Dynamic: license-file

# danegovpl

Tool for getting data from dane.gov.pl

# Installation

```bash
pip install danegovpl
```

# Usage

## CLI

```
usage: __main__.py [-h] [-v] [-d DIR] [-t NUM] [-l LVL] [-f FORMAT] [-w TIME]
                   [-W TIME] [-r NUM] [--retry-delay TIME]
                   [--retry-all-errors] [-m TIMEOUT] [-k] [-L]
                   [--max-redirs NUM] [-A UA] [-x PROXY] [-H HEADER]
                   [-b COOKIE] [-B BROWSER]
                   [RESOURCE ...]

Tool for getting data from dane.gov.pl

positional arguments:
  RESOURCE              starting point for getting resources i.e.
                        institutions, institution.{ID}, datasets,
                        dataset.{ID}, resources, resource.{ID}

General:
  -h, --help            Show this help message and exit
  -v, --version         Print program version and exit

Files:
  -d, --directory DIR   Change directory to DIR

Settings:
  -t, --threads NUM     use NUM of threads
  -l, --lvl LVL         Get resources metadata up to level
  -f, --format FORMAT   Download files in specified format preference i.e.
                        all; jsonld; csv; xlsx, csv,jsonld,xls (if not set,
                        files are not downloaded)

Request settings:
  -w, --wait TIME       Set waiting time for each request
  -W, --wait-random TIME
                        Set random waiting time for each request to be from 0
                        to TIME
  -r, --retry NUM       Set number of retries for failed request to NUM
  --retry-delay TIME    Set interval between each retry
  --retry-all-errors    Retry no matter the error
  -m, --timeout TIMEOUT
                        Set request timeout, if in TIME format it'll be set
                        for the whole request. If in TIME,TIME format first
                        TIME will specify connection timeout, the second read
                        timeout. If set to '-' timeout is disabled
  -k, --insecure        Ignore ssl errors
  -L, --location        Allow for redirections, can be dangerous if
                        credentials are passed in headers
  --max-redirs NUM      Set the maximum number of redirections to follow
  -A, --user-agent UA   Sets custom user agent
  -x, --proxy PROXY     Use the specified proxy, can be used multiple times.
                        If set to URL it'll be used for all protocols, if in
                        PROTOCOL URL format it'll be set only for given
                        protocol, if in URL URL format it'll be set only for
                        given path. If first character is '@' then proxies are
                        read from file
  -H, --header HEADER   Set curl style header, can be used multiple times e.g.
                        -H 'User: Admin' -H 'Pass: 12345', if first character
                        is '@' then headers are read from file e.g. -H @file
  -b, --cookie COOKIE   Set curl style cookie, can be used multiple times e.g.
                        -b 'auth=8f82ab' -b 'PHPSESSID=qw3r8an829', without
                        '=' character argument is read as a file
  -B, --browser BROWSER
                        Get cookies from specified browser e.g. -B firefox
```

`dane.gov.pl` groups it's data as a tree where nodes at each next level are: `institution`, `dataset`, `resource`.

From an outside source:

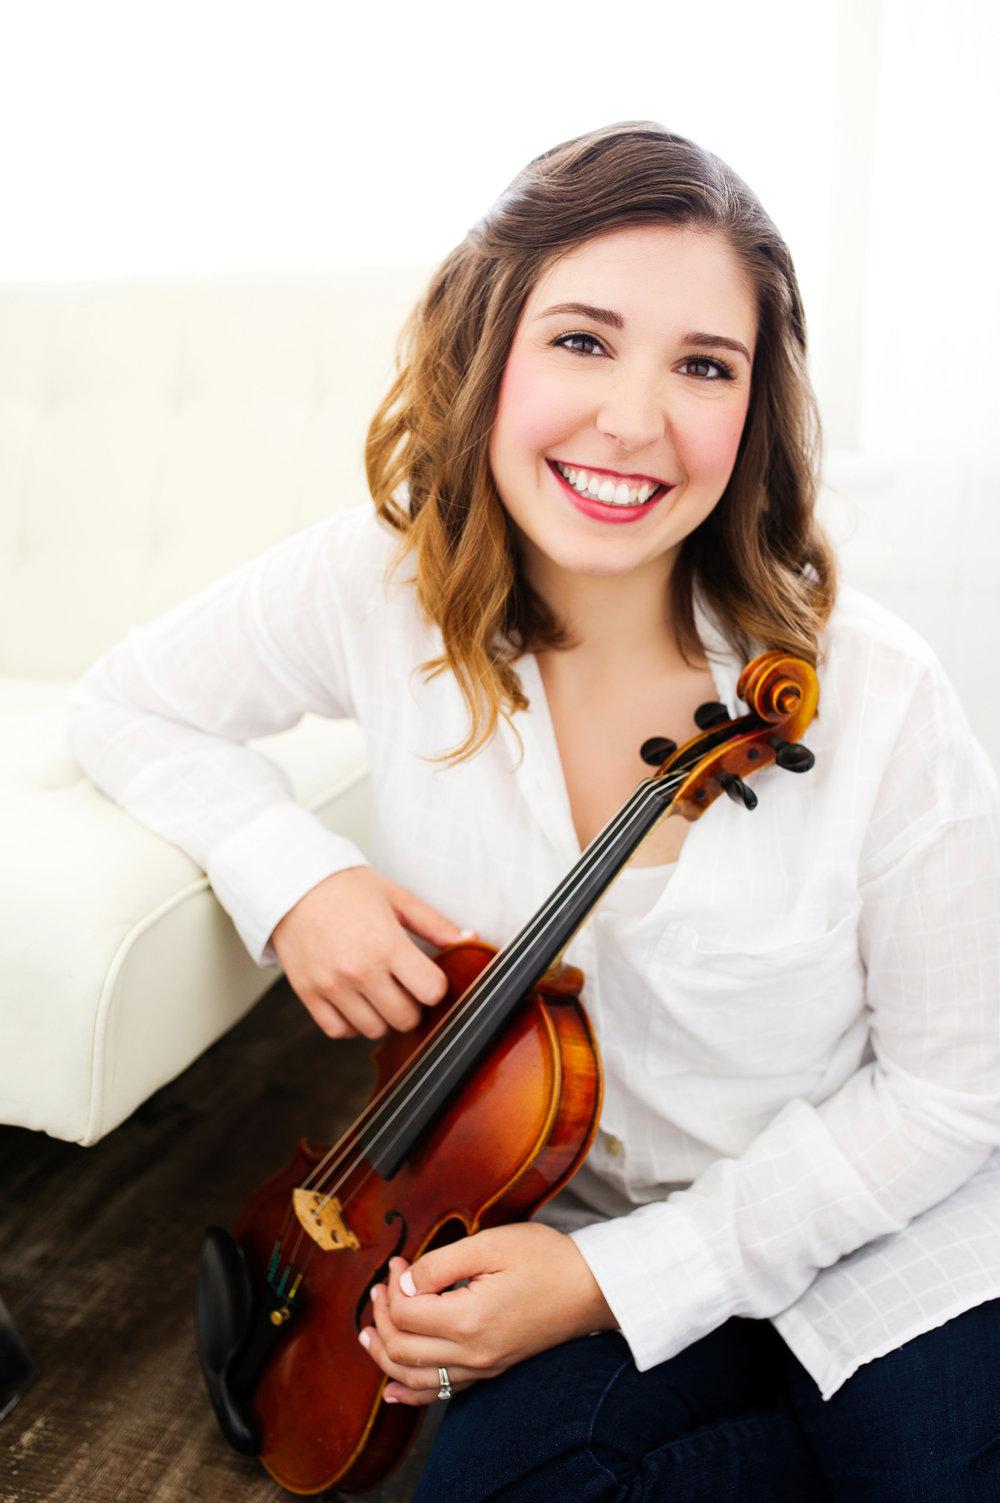 Abigail Peterson, Violin Teacher and Owner of Abellimento Violin Studio | Suzuki Violin Lessons, Milwaukee, WI

Get metadata for all institutions and datasets and resources published by it

```bash
danegovpl institutions
```

This is also equivalent to

```bash
danegovpl institutions --lvl 3
```

Get metadata using 8 threads

```bash
danegovpl institutions -t 8
```

Get metadata for all institutions

```bash
danegovpl institutions --lvl 1
```

Get metadata for all institutions and datasets published by it

```bash
danegovpl institutions --lvl 2
```

Get metadata for specific institution and datasets and resources published by it

```bash
danegovpl institution.2522
```

Get metadata for all datasets and resources under it

```bash
danegovpl datasets
```

Get metadata for specific dataset

```bash
danegovpl dataset.6935
```

Get metadata for all datasets

```bash
danegovpl datasets --lvl 1
```

Get metadata for all resources

```bash
danegovpl resources
```

Get metadata for specific resource

```bash
danegovpl resource.3814
```

Get all metadata and download all resource files using 8 threads

```bash
danegovpl institutions -t 8 -f all
```

Get metadata for all resources and download only `csv` files using 8 threads

```bash
danegovpl institutions -t 8 -f csv
```

Get metadata for all resources and download `csv` files or `jsonld` files if csv files aren't available

```bash
danegovpl institutions -t 8 -f csv,jsonld
```

Get metadata for all resources and download `csv` files or `jsonld` files or `xlsx` files, while compressing `csv` and `jsonld` files with `zstd`

```bash
danegovpl institutions -t 8 -f csv,jsonld,xlsx
```

### Output example

Can be found in [examples](examples) directory and are excerpt taken from running

```bash
danegovpl institutions
```

this illustrates all provided formats, using `datasets` or `resources` would create a single directory with thousands of subdirectories in it.

## Library

### Code

```python
from danegovpl import Api, Error, ArgError, RequestError

api = Api(timeout=30) # arguments for treerequests can be passed

try:
    for datasets in api.datasets(page=2,params=[("title[prefix]","imiona")]):
        for dataset in datasets['data']:
            print(dataset['id'])
except RequestError as e:
    print(repr(e))
```

### Exceptions

All exceptions raised by this library are derived from `Error`, `ArgError` is raised if functions are called with incorrect arguments and `RequestError` is raised for errors when handling requests.

### Api

`Api` class provides methods for interacting with `dane.gov.pl`, at it's initialization it accepts parameters for [treerequests](https://github.com/TUVIMEN/treerequests) session.

### Methods

Methods are named in fashion similar to the [endpoints](https://api.dane.gov.pl/doc#/API%20Endpoints/get_datasets), some names were changed from plural to singular form to denote operation on single item.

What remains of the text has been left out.